Analyse chimique:
Coup d’accélérateur pour l’analyse de composés volatilisés

Le 30/06/2008 à 12:12

Adixen, filiale d’Alcatel Vacuum Technology, commercialise une solution d’analyse chimique qui utilise l’ionisation par attachement d’ion couplée à la spectrométrie de masse (IA-Mass). En comparaison aux analyseurs GC-MS, cette méthode s’adapte plus facilement aux cadences des productions industrielles. Première application visée: vérifier la présence d’éthers diphényles polybromés (PBDE) et de biphényles polybromés (PBB) dans les composants plastiques d’équipements électriques ou électroniques.

De plus en plus de mesures, d’analyses, de contrôles… C’est la perspective d’avoir à analyser des dizaines de milliers d’échantillons qui pousse l’industrie à trouver des alternatives à la méthode GC/MS qui couple la détection par spectrométrie de masse (MS) à une séparation chromatographique en phase gazeuse (GC). Celle-ci est considérée comme lourde à mettre en œuvre, demandant du temps, une préparation complexe de l’échantillon, des compétences pour l’opérateur, et des connaissances pour l’interprétation du spectre.
Pour l’analyse de composés volatilisés, voici donc un nouveau mode d’ionisation (l’attachement d’ions alcalins) qui s’affranchit de la séparation chromatographique avant la détection des espèces chargées.
Contrairement à un spectromètre de masse classique, les molécules ne sont plus cassées. On leur ajoute simplement un ion, en l’occurrence du lithium. Il n’est donc plus nécessaire de séparer les molécules par chromatographie avant la détection par spectrométrie de masse. On gagne donc du temps. Là où il faut plus de 10 heures (en comptant la préparation de l’échantillon) avec un GC-MS, l’IA Mass (ou Ion Attachment Mass Spectrometry) mettra à peu près une demi-heure.
Cette technologie nous vient du Japon, développée par Canon Alneva. Un partenariat a été établi avec Adixen, une filiale d’Alcatel Vacuum Technology afin de faire connaître ce procédé d’analyse “dans le reste du monde”. « Notre démarche est de faire valider la méthode sur une application ciblée puis de l’amener ensuite à tous les marchés possibles », précise Adrien Nicod, responsable commercial chez Adixen.

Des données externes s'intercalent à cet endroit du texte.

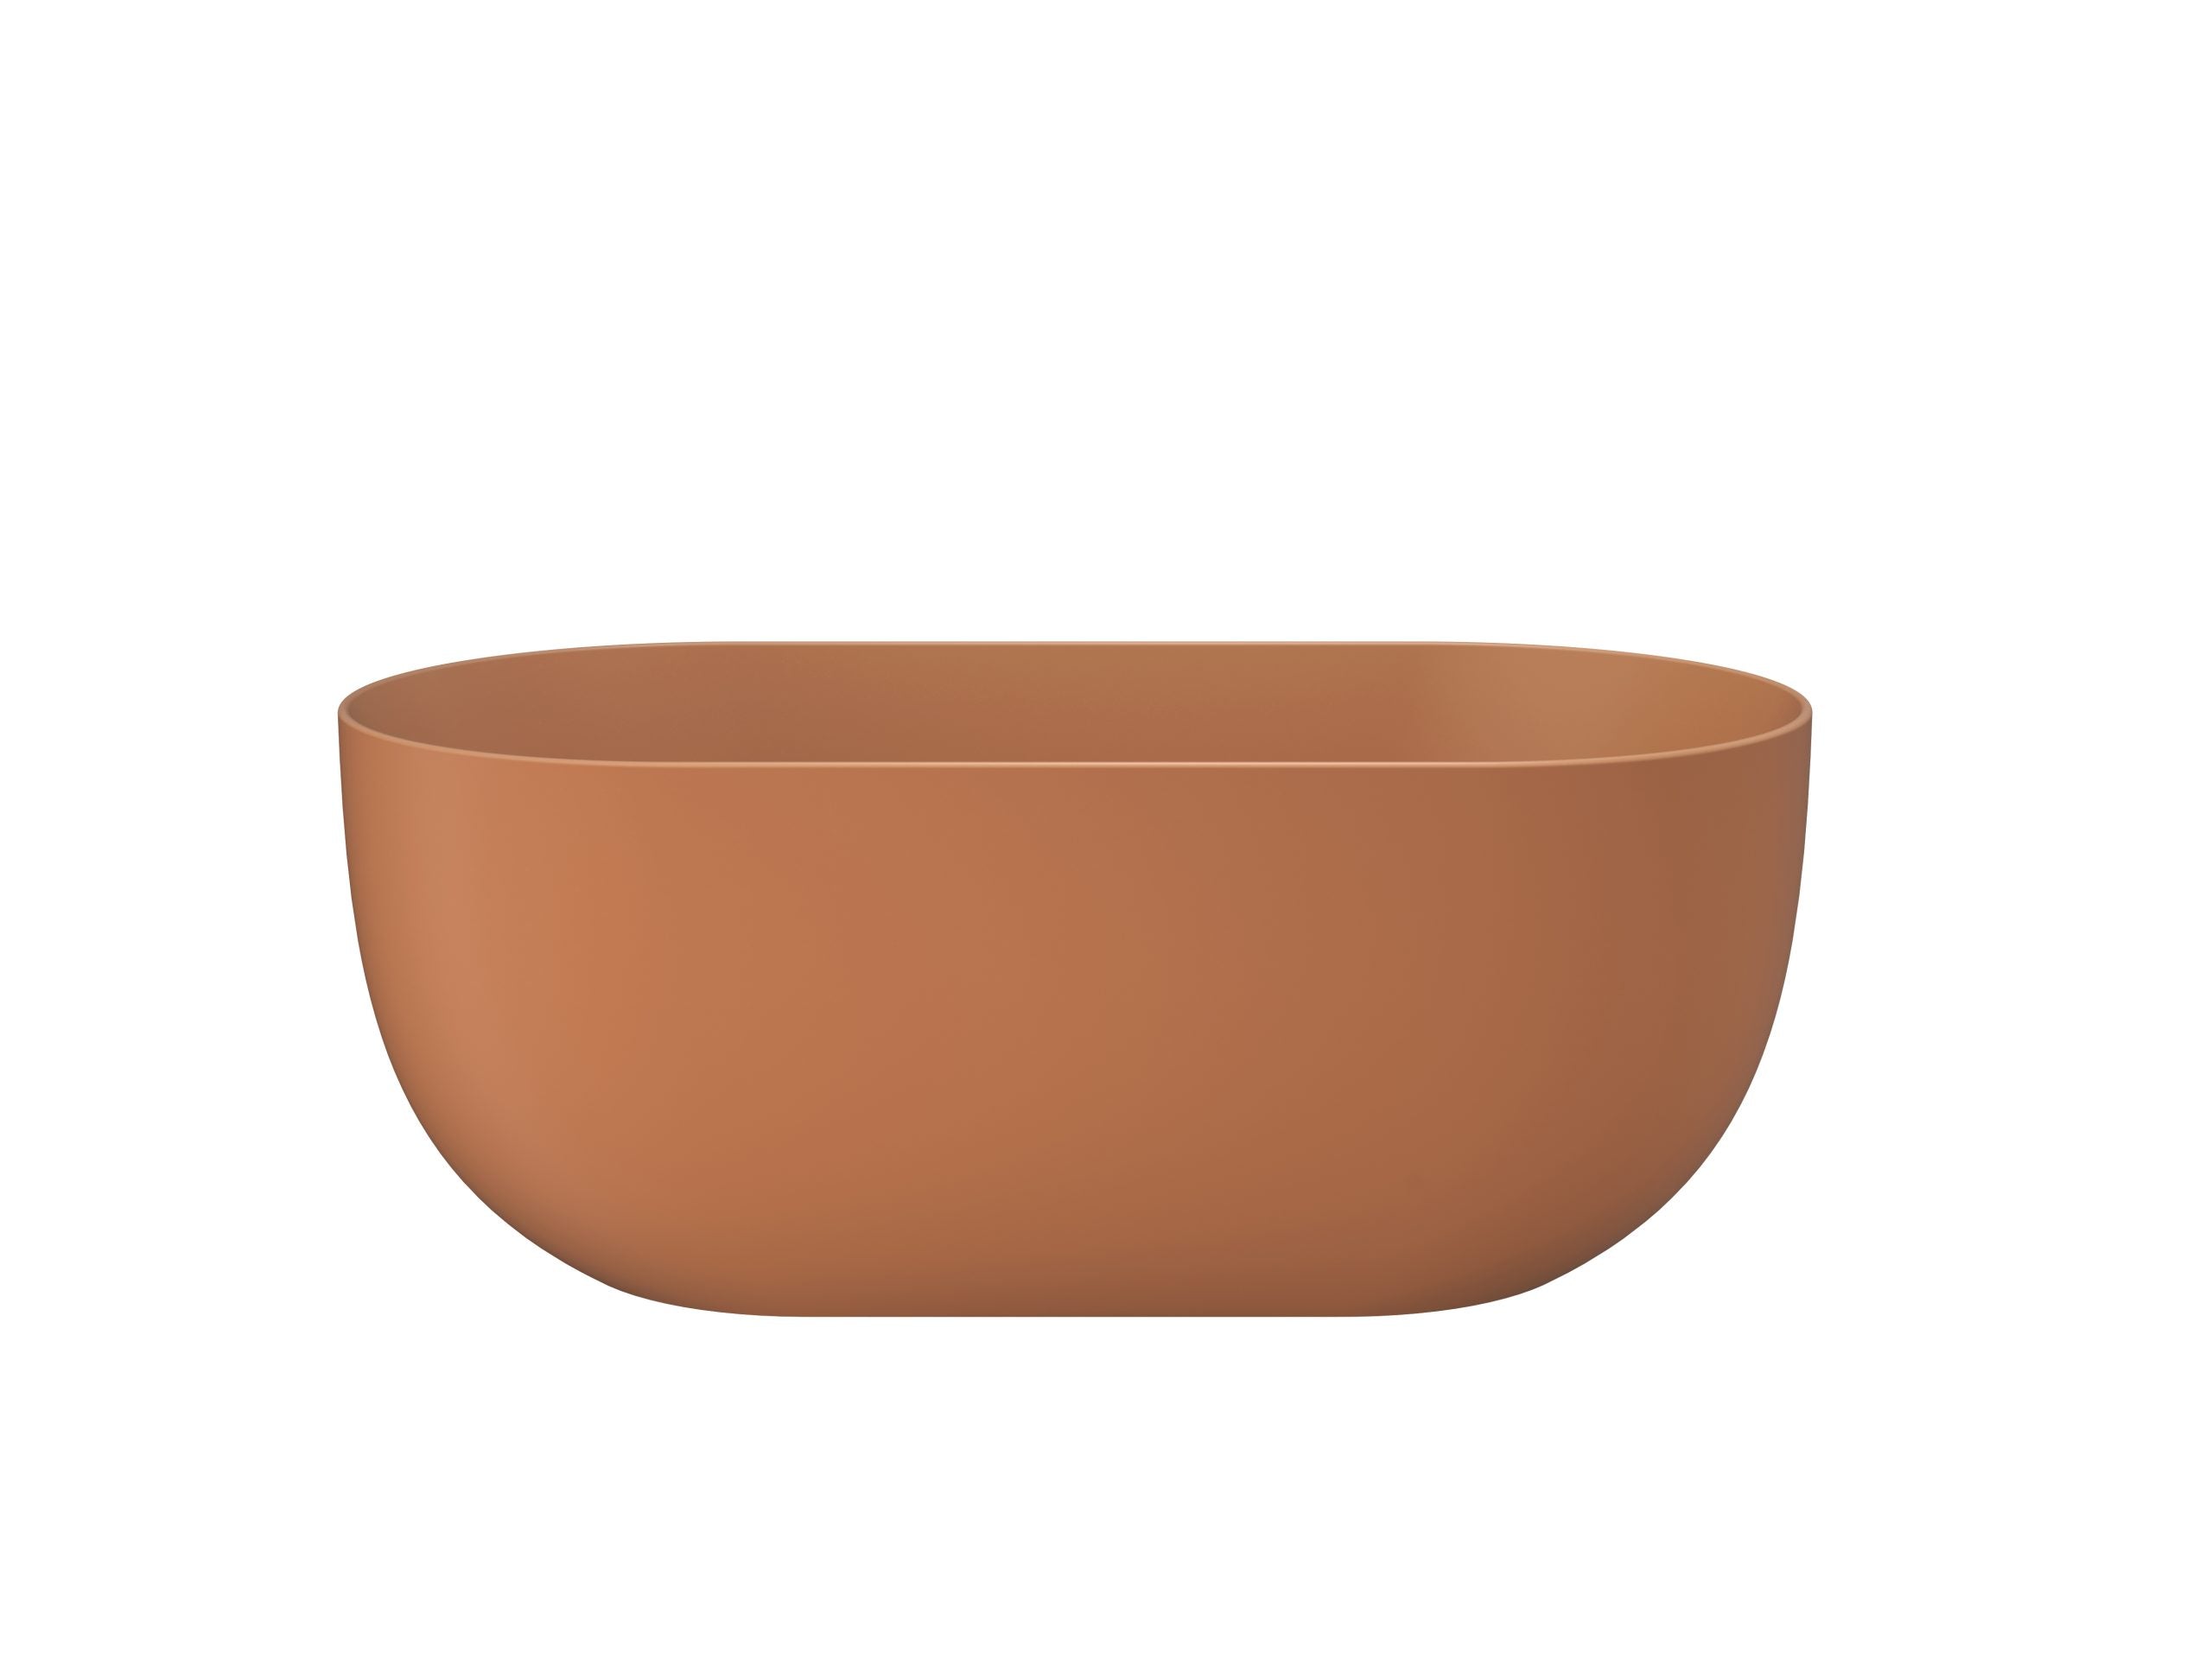 LINSOL NORA FREESTANDING BATHTUB OUTBACK ORANGE (AVAILABLE IN 1500MM AND 1700MM)

Dans le cadre des exigences de la directive RoHS ainsi que de la directive WEEE (sur les déchets des équipements électriques et électroniques), le fabricant positionne son produit dans un premier temps pour déterminer la présence de substances interdites (composés bromés, phtalates). Les fabricants d’appareils électriques et électroniques doivent en effet s’assurer de l’absence d’éthers diphényles polybromés (PBDE) et de biphényles polybromés (PBB) dans les composants plastiques d’équipements électriques ou électroniques.
« Les premiers marchés sont donc pour nous les industriels qui doivent qualifier leur production de matériaux plastiques, mais aussi la filière du recyclage qui doit pouvoir qualifier les déchets électroniques avant de pouvoir les recycler », indique Adrien Nicod. Il s’agit avant tout de faire connaître et valider la méthode. Ensuite, comme avec un spectromètre de masse, toutes les applications sont permises.

Des seuils de 50 ppm en mesure
Concrètement, un ion lithium (Li+) est greffé sur la molécule de l’échantillon à analyser avec un faible niveau d’énergie pour ne pas la fragmenter. Le spectromètre de masse décèle ainsi le pic de chaque molécule d’origine (sans nécessiter de séparation préalable des molécules). Pour une simple détection (identification), il suffit de gratter un peu de matière au moyen d’une lame et de placer cet échantillon dans le porte échantillon de l’appareil. Après introduction dans la machine, il est vaporisé et les composants sont identifiés en mode “analyse spectrale”. Pour une mesure fine (quantification) de la concentration de chaque composant, quelques milligrammes sont réduits en poudre. On les pèse, on les introduit dans la machine, celle-ci les chauffe et tous les composants sont analysés et mesurés en mode SIM (calage sur une raie spectrale). On peut analyser jusqu’à 10 échantillons par heure en mode détection (identification), et 4 en mode de mesure fine (quantification). IA-Mass permet ainsi d’analyser environ 30 échantillons par jour.
« Nous arrivons à des seuils de 100 ppm en détection et de 50 ppm en mesure », précise Adrien Nicod. L’appareil IA-Mass peut être utilisé dans un local banalisé et manipulé par un technicien sans compétence particulière.